A mother spent years blaming herself for the death of her baby because she had sex when she was pregnant.
Karen Smith had made love with her husband Mark when she was 31 weeks pregnant. Hours later, she suffered bleeding and cramps.
Doctors initially dismissed her symptoms as normal, but hours later, she woke from emergency surgery to be told her baby had died and her womb had been removed during a hysterectomy to save her life.
Karen told the Daily Mail: "I tormented myself with the thought that making love had ended my baby's life.
"When I got to hospital bleeding they assured me all was well and it was normal to bleed after love making.
"The next thing I knew I woke to be told my son was dead and our lives torn apart. Of course I blamed myself. My husband and I were utterly distraught.
"My friends said I'd feel better after the funeral, but I didn't. Yes, life carried on, Mark went back to work and I took the kids to school, but then I'd spent the rest of the day just staring into space.
"I couldn't stop blaming myself. I tortured myself with the thought our love making had ended Robert's life. Everything had been fine until then. Why hadn't we just abstained?"
Her son, Robert, weighed 4lb, 8oz when he died on 4th September 2008. But making love was not the cause of his death. In fact, Karen had suffered a placental abruption, which experts say should have been spotted earlier.
Karen, 30, from Plymouth, has recently accepted an undisclosed settlement from the hospital after it was proven her son could have survived if she'd been operated on sooner.

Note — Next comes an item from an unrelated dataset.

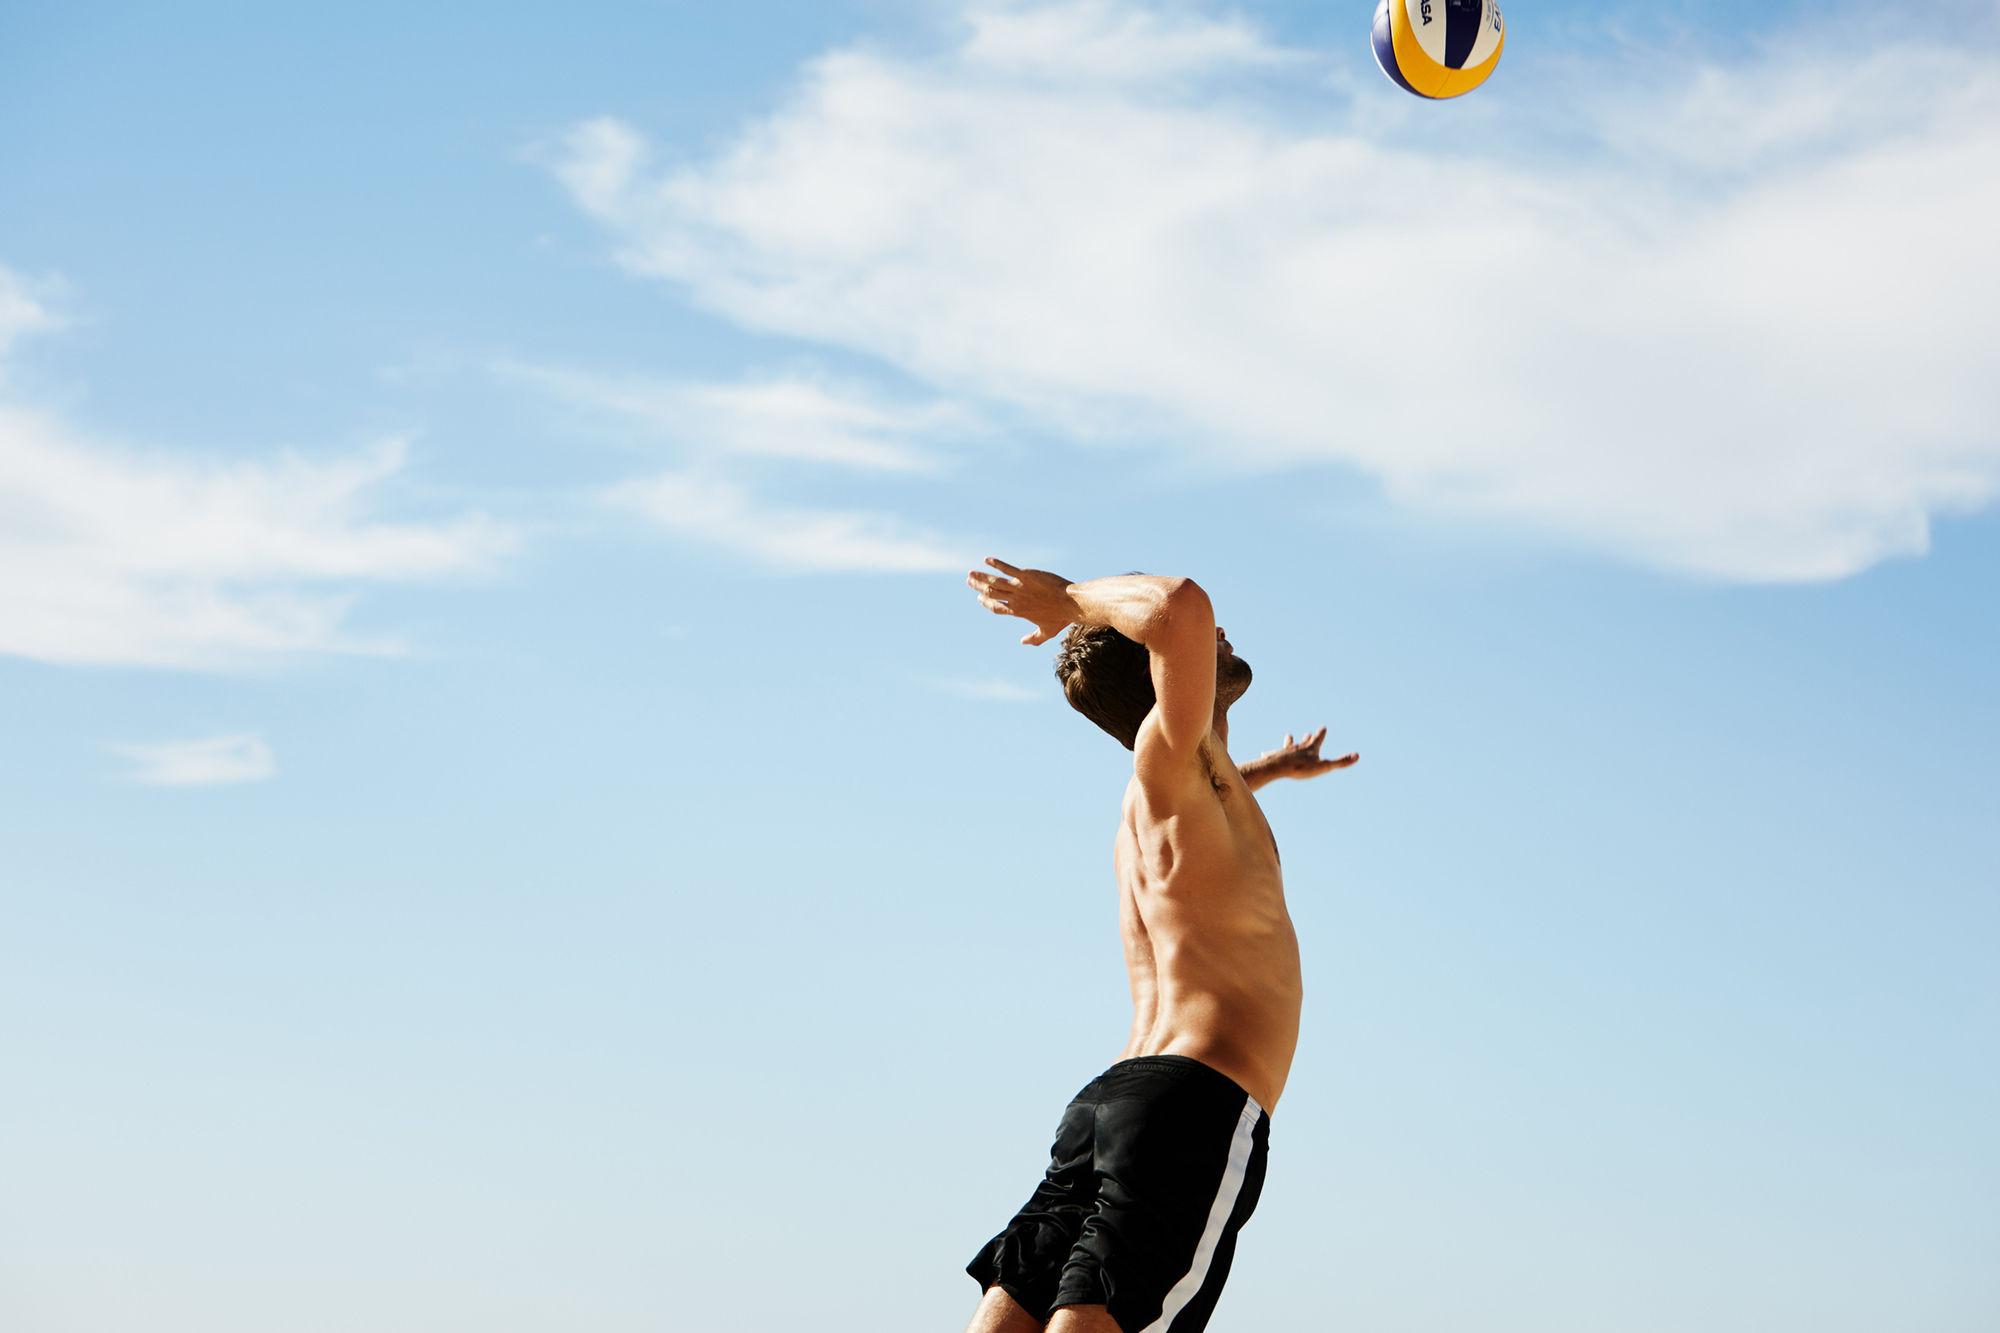 EMEIS DEUBEL: Richard Johnson Volleyball in Cape Town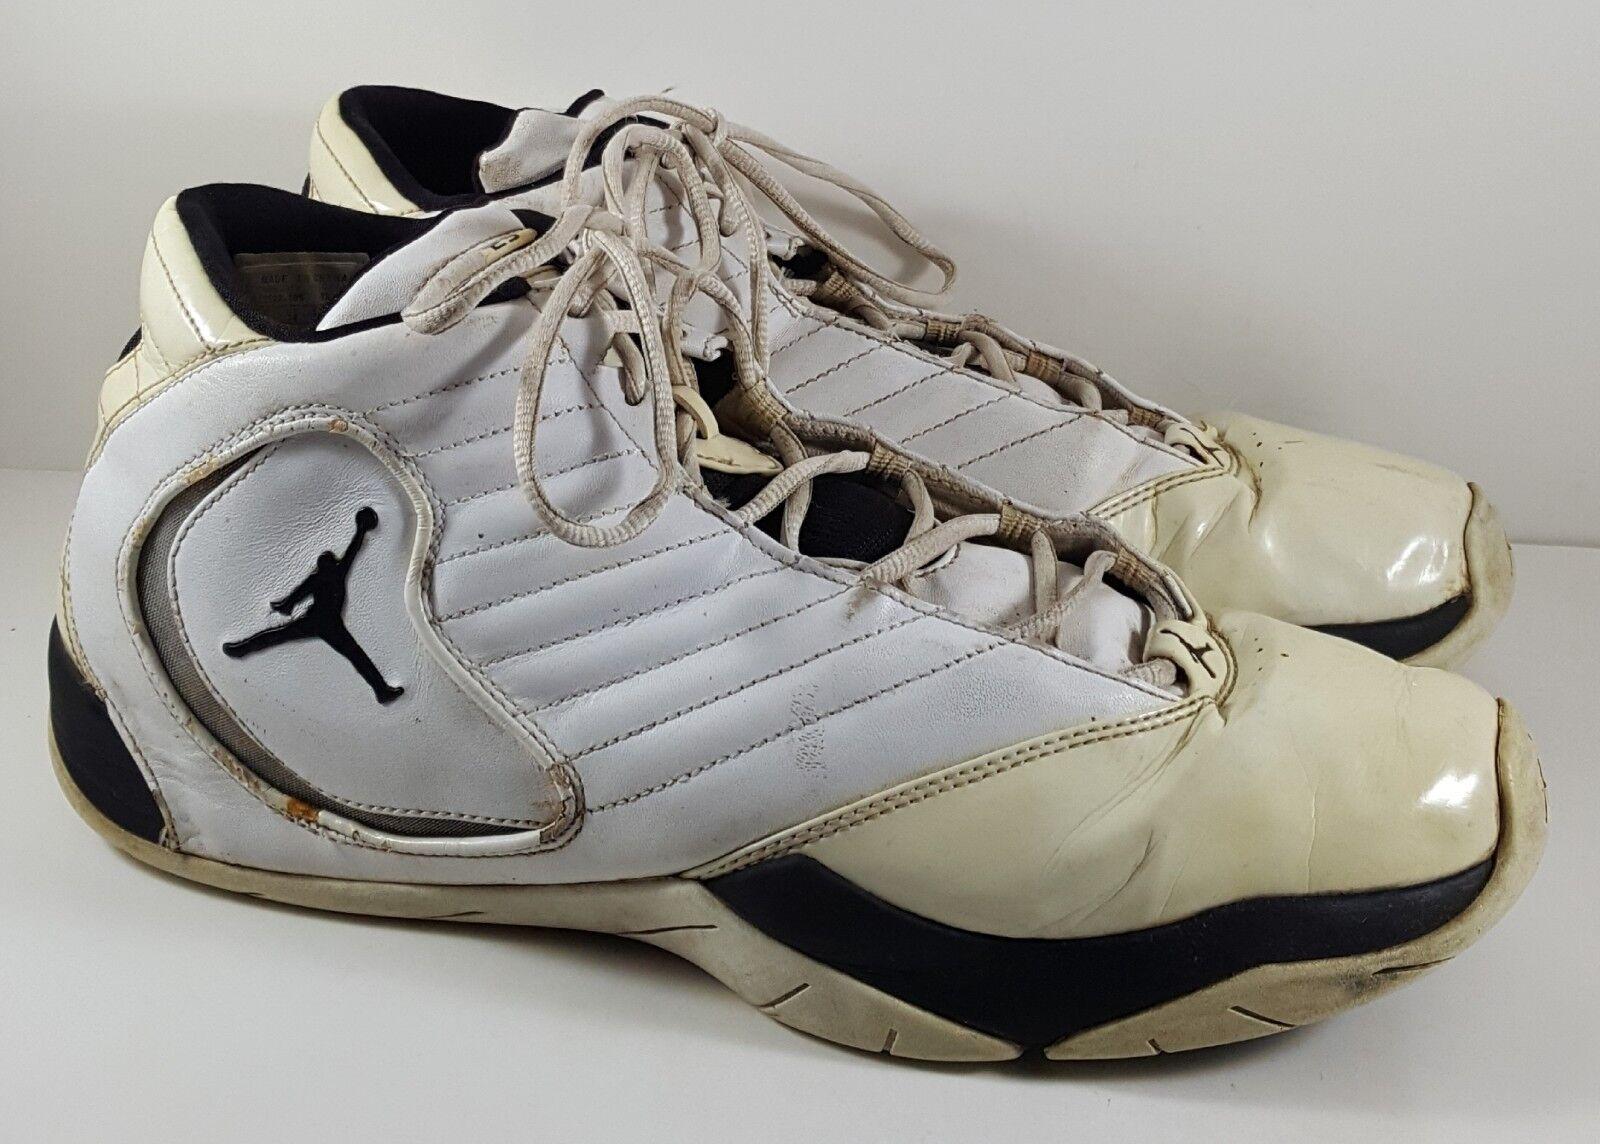 new arrival b4f6b ccf5b Nike Nike Nike Air Jordan B 2 Rue- White Black Silver Size 15

Medical notes confirmed baby Robert had died due to lack of oxygen and placental abruption, which happens when there is bleeding behind the placenta, between the placenta and the wall of the uterus.
"I started to get angry that it hadn't been spotted sooner," Karen said.
"Everyone had been too quick to blame sex and missed the symptoms of something much more serious. I felt if they hadn't been preoccupied with me having had sex, my son might have been saved."
She was also relieved to learn that placental abruption was not caused by sex.
"I'd been blaming myself but now I realise actually it hadn't been my fault," she said. "Making love in pregnancy is perfectly safe and most couples do it.
"I'd been torturing myself with the idea that we had caused our baby's death and I felt I needed to prove to myself that I was not responsible at all to be able to grieve."
Karen, who has three other children - Jessica, 14, Jordan, 11 and Chelsea, 7, contacted a solicitor that dealt with mishandled births and began a case.
The expert who examined the evidence concluded that staff should have recognised the signs of a placental abruption earlier and delivered her baby sooner.
Karen added: "To know he may have survived if they had acted quicker was heartbreaking. But I knew I would keep blaming myself until I got justice."
The hospital offered a settlement for the loss of her son and her womb, which she initially rejected. But after a four-year battle they have now made another offer without liability, which Karen has accepted.
She said: "I wanted a day in court to finally prove that I was not responsible for my son's death. I needed to see in black and white that it wasn't my fault and making love had not harmed my baby."
Karen now wants to raise awareness of placental abruption so parents know the signs to look for. She also wants to assure mothers there is nothing wrong with having sex while pregnant.
"I spent a long time blaming myself. Of course I regretted it because soon after my son died," she said.
"But I know through my research the placental abruption would have happened anyway. It was an awful coincidence and tragic that the signs were not detected when I first got to hospital."